WHAT YOU HAVE TO DO:
In the records that follow, find the line containing "Elephants in Queen" and the line containing "Conejo en la", then transcribe both and every line between them exactly, omitting pictures.

INPUT MATERIAL:
┄┄┄┄┄┄┄┄┄┄┄┄┄┄┄┄┄┄┄┄
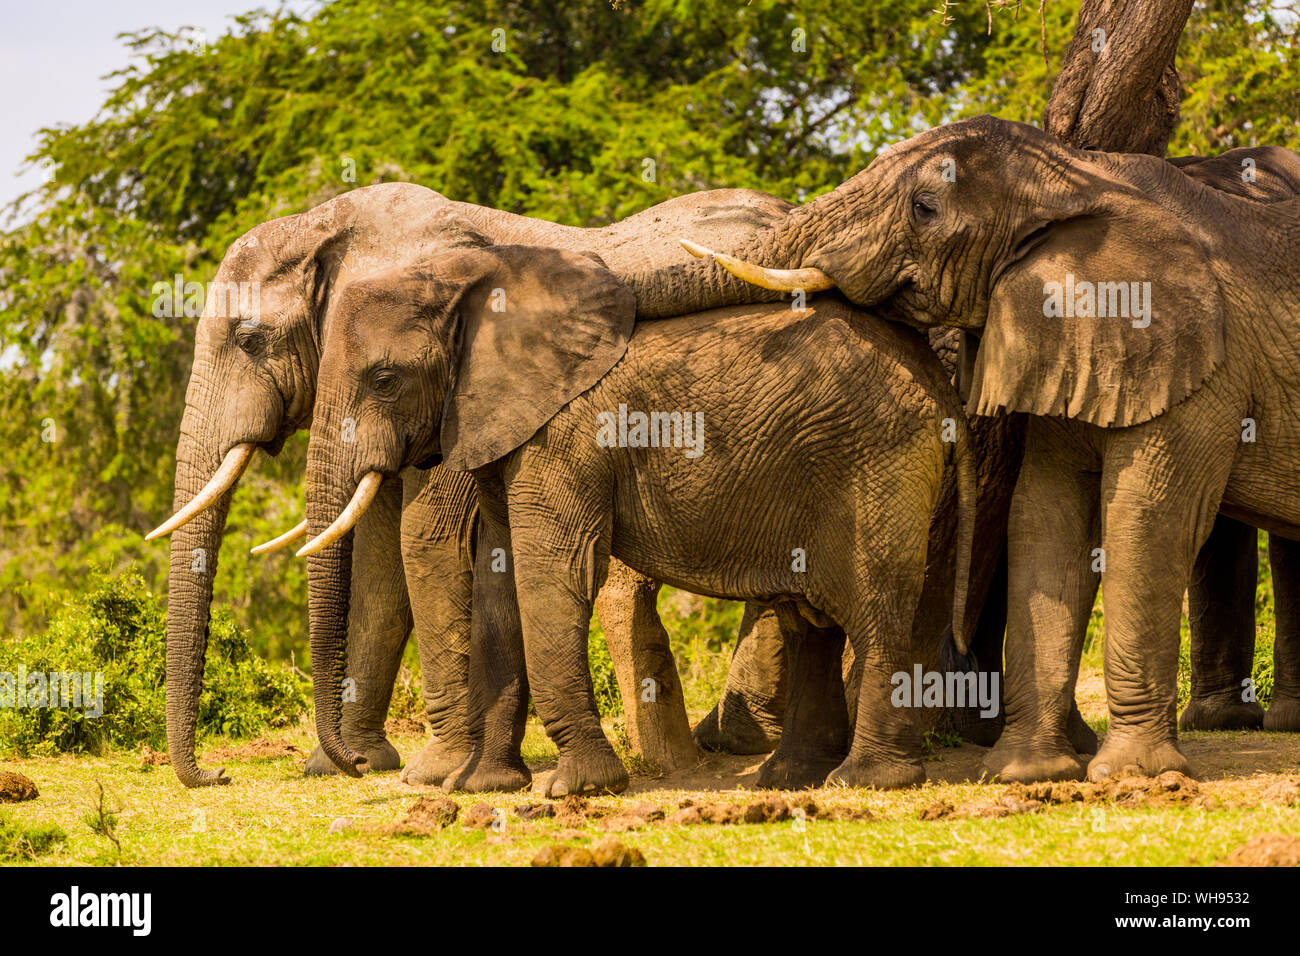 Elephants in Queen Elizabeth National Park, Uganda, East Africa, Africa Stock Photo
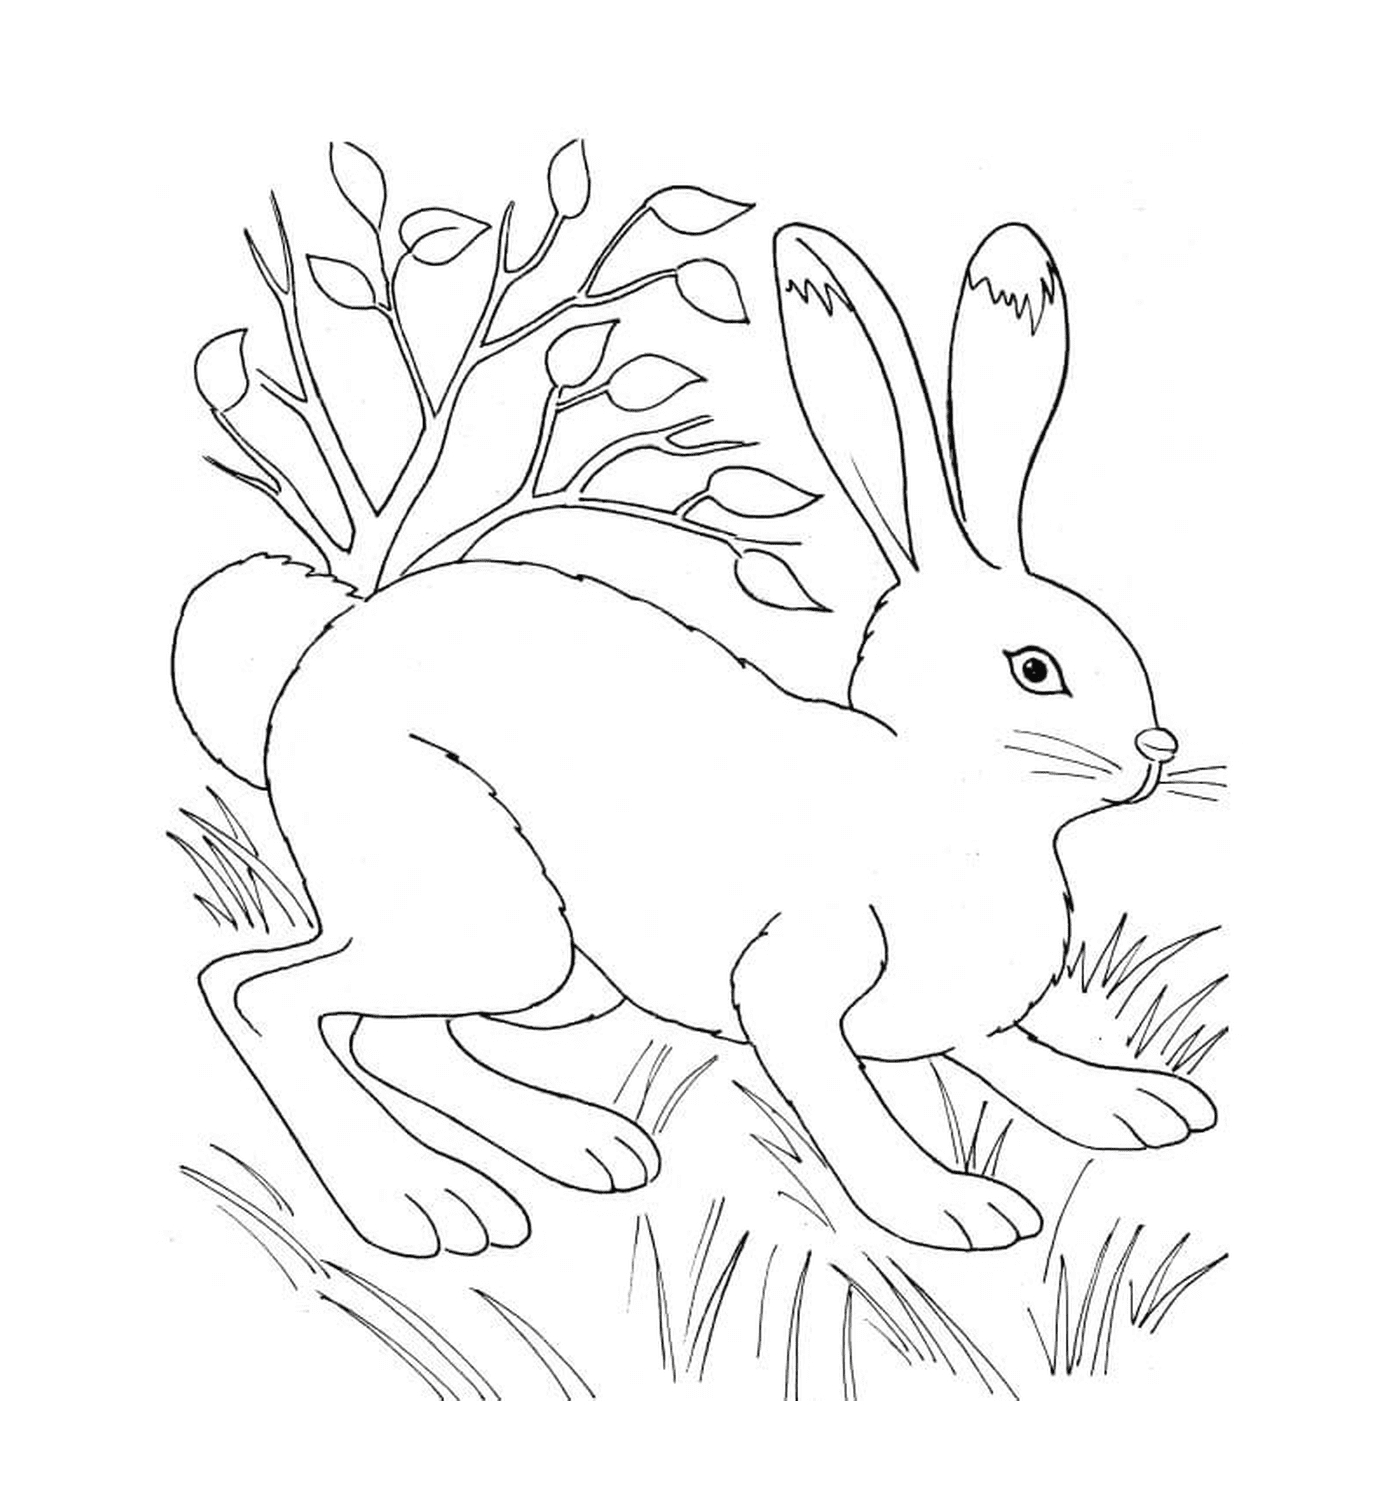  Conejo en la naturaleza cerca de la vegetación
┄┄┄┄┄┄┄┄┄┄┄┄┄┄┄┄┄┄┄┄
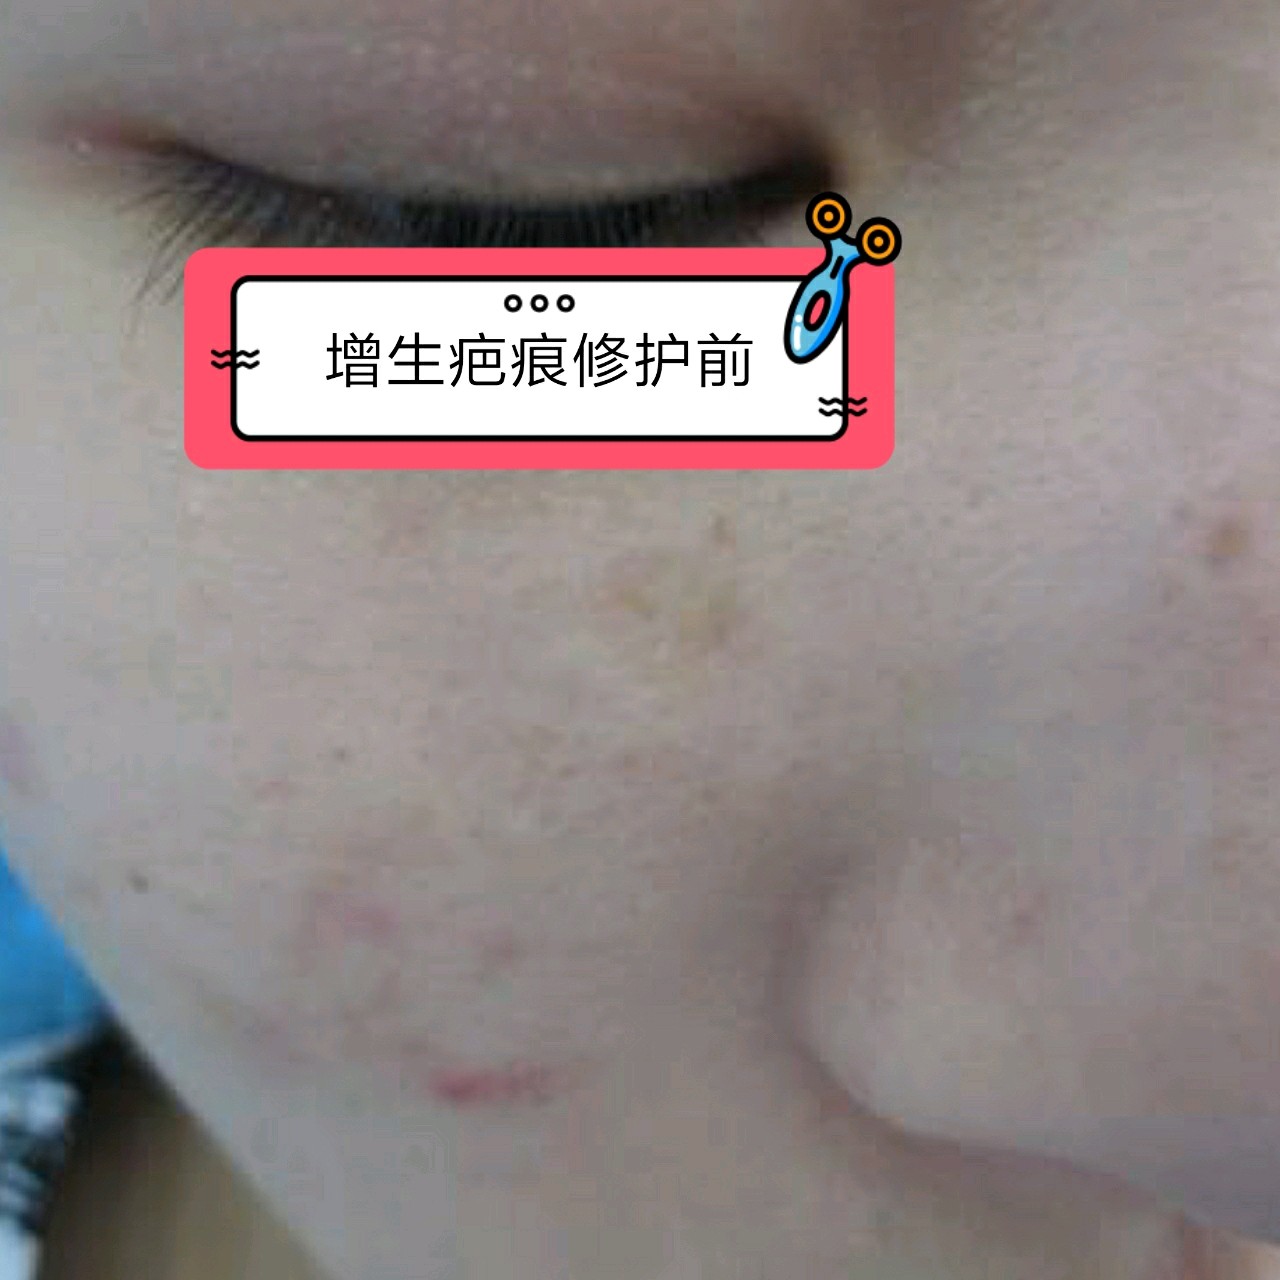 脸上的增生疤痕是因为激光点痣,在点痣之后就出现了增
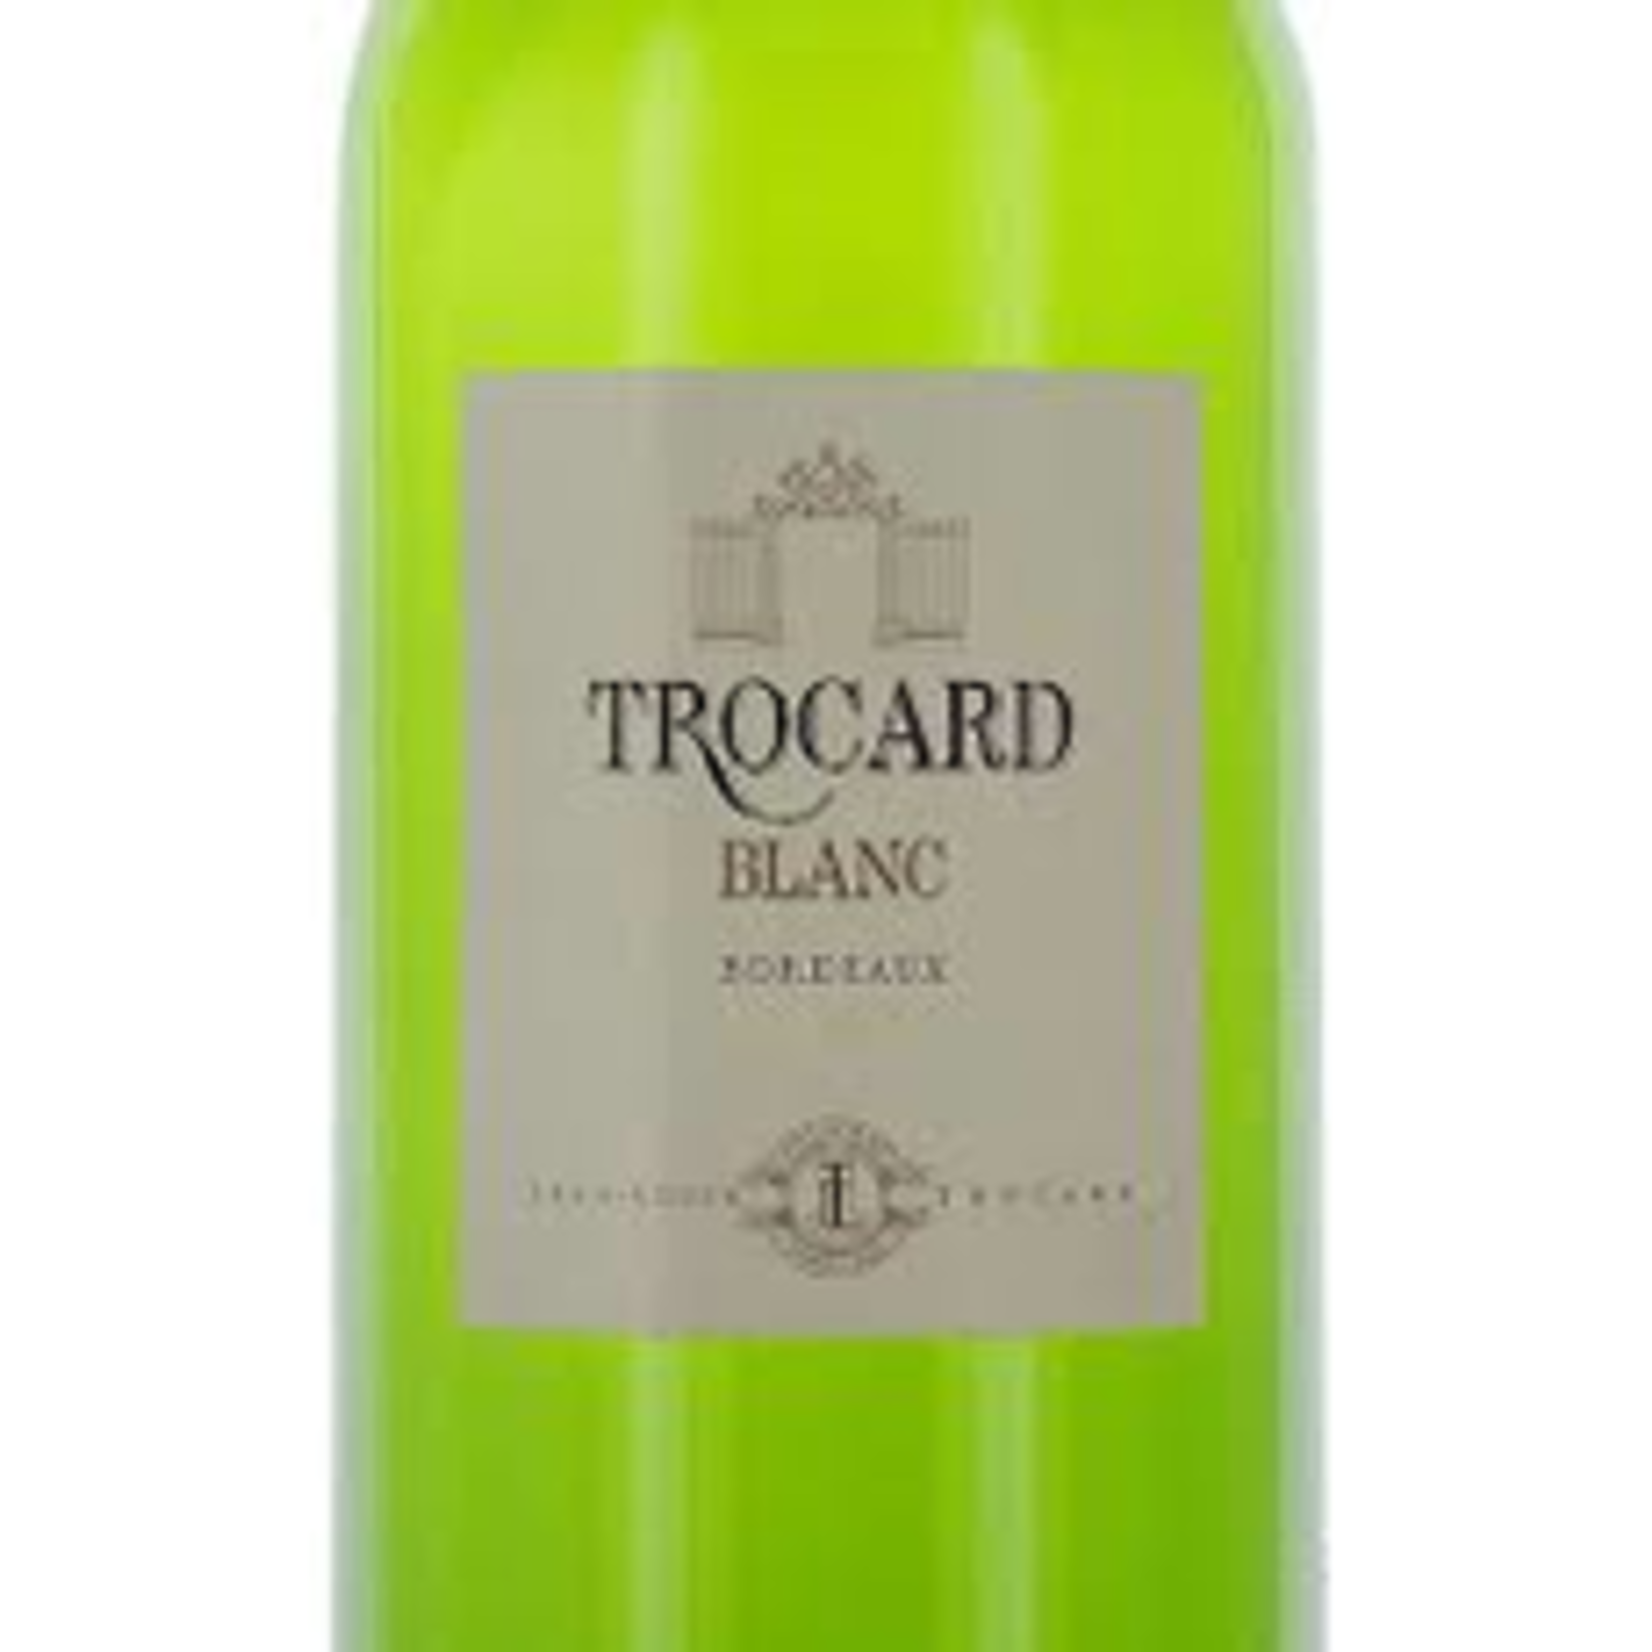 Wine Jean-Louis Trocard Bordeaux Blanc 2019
┄┄┄┄┄┄┄┄┄┄┄┄┄┄┄┄┄┄┄┄
WRITTEN RESPONSE:
 Elephants in Queen Elizabeth National Park, Uganda, East Africa, Africa Stock Photo
  Conejo en la naturaleza cerca de la vegetación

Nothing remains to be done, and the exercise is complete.